Someone did ask me last month if Fiona was a Lab though :doh: She is really getting fluffed out with her feathers and mane since she blew her coat, how could anyone mistake her for a Lab, geez.


----------



## Karen2 (Jan 5, 2009)

I swear Lance was maybe a Great Pyrenees mix when I first saw him, he has such a weird coat, he had been shaved before so this coat not what I expected.
Now that he's grown out and looking more like a Golden, a Very Large Golden!
So I can't fault people, because I'm not always sure myself what I'm seeing!


----------



## golden_mom (Jan 13, 2013)

*i own a (white gold) golden retriever*

ur dog looks definatly like a golden. my english creme gets that all the time except most ppl dont even say gp they say "is that one of those shepard dogs." where i live most ppl have never sn an english creme so when they say "i had a lab or a dog just like that once" i almost say "i doubt it." i explain the difference goldens are fluffier and leave it at that


----------



## Sadie53 (Dec 27, 2012)

*Mistaken for a Great Pyrenees*

I have been asked if Sadie was an Irish Setter?
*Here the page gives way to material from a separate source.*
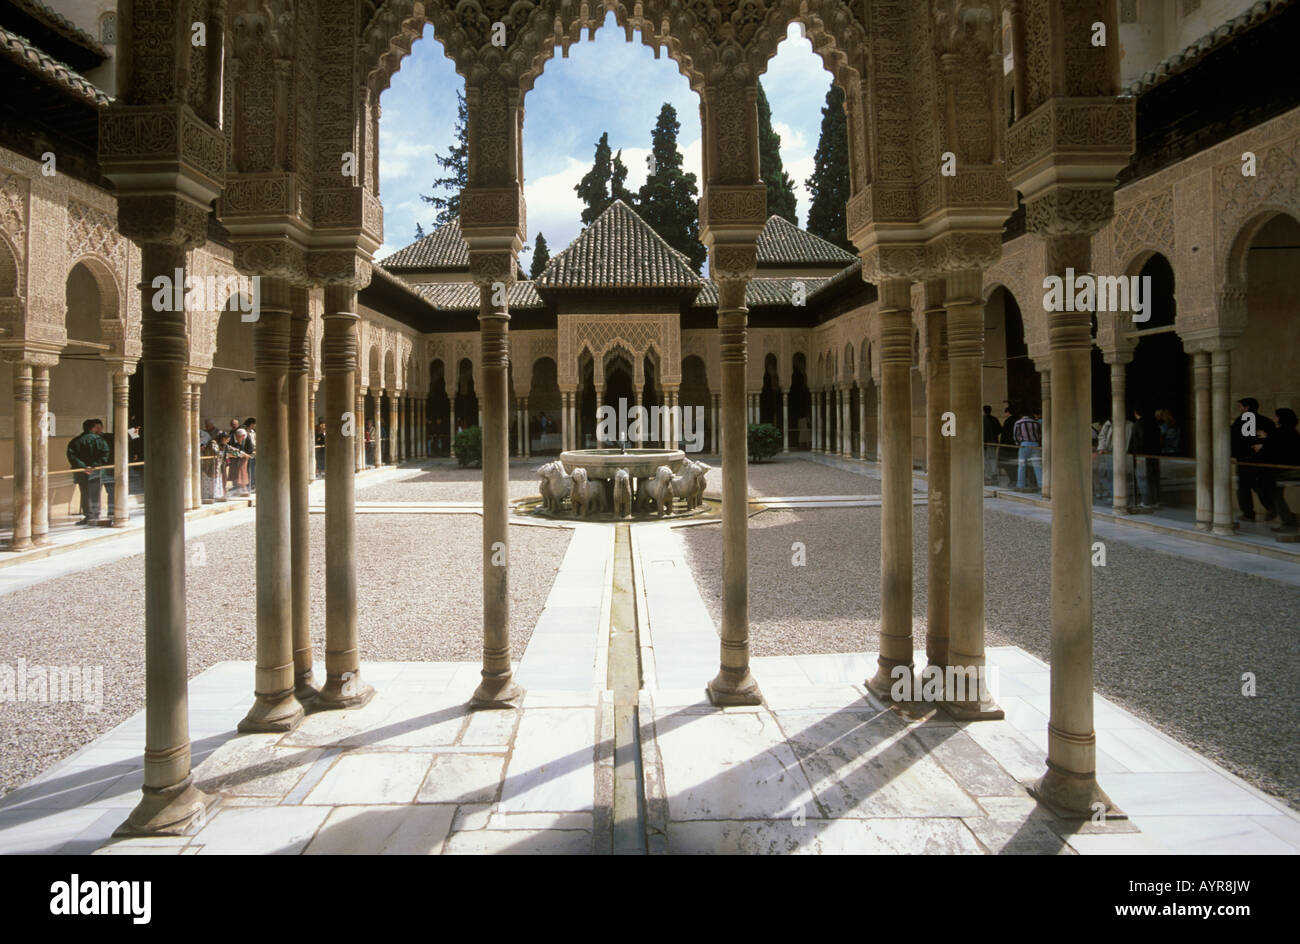 Gericht der Löwen, Nasriden Palast, Alhambra, Granada, Andalusien, Spanien Stockfoto

It ticks me off as she is dark gold but come on silly people look at her lines etc. She is not even the red of an Irish Setter. I said excuse me she is a golden retriever. They replied oh, and left. :doh:


----------



## Jacey's boy (Feb 26, 2009)

I know some people that have a great pyrenees and it got away from them and ended up in my yard. I knew him so he came to me and I put him in the fence until they could come and get him. I let Jacey out to play with him and he just made Jacey look small.


----------



## Cricketfur (Oct 10, 2012)

I'll admit that my Pandora is still a little scraggly growing her fur back, but I had a groomer tell me she was an Irish Setter, no ifs, ands, or buts. She even left the dog she was grooming on the table to come over and pet our (then) mangy dog because she _loved_ setters. We just let her say whatever and made a note to not get grooming there ever again lest our dogs get left on the table for a reddish dog walking by.


----------



## dwiley (Aug 19, 2012)

This is our little guy, Tucker. He was adopted from the local GR rescue, and they had his brother and sister as well. I have spoken with his sister's owners and their vet seems to think they may be Golden/Pyrenees mixes. I can't decide!


----------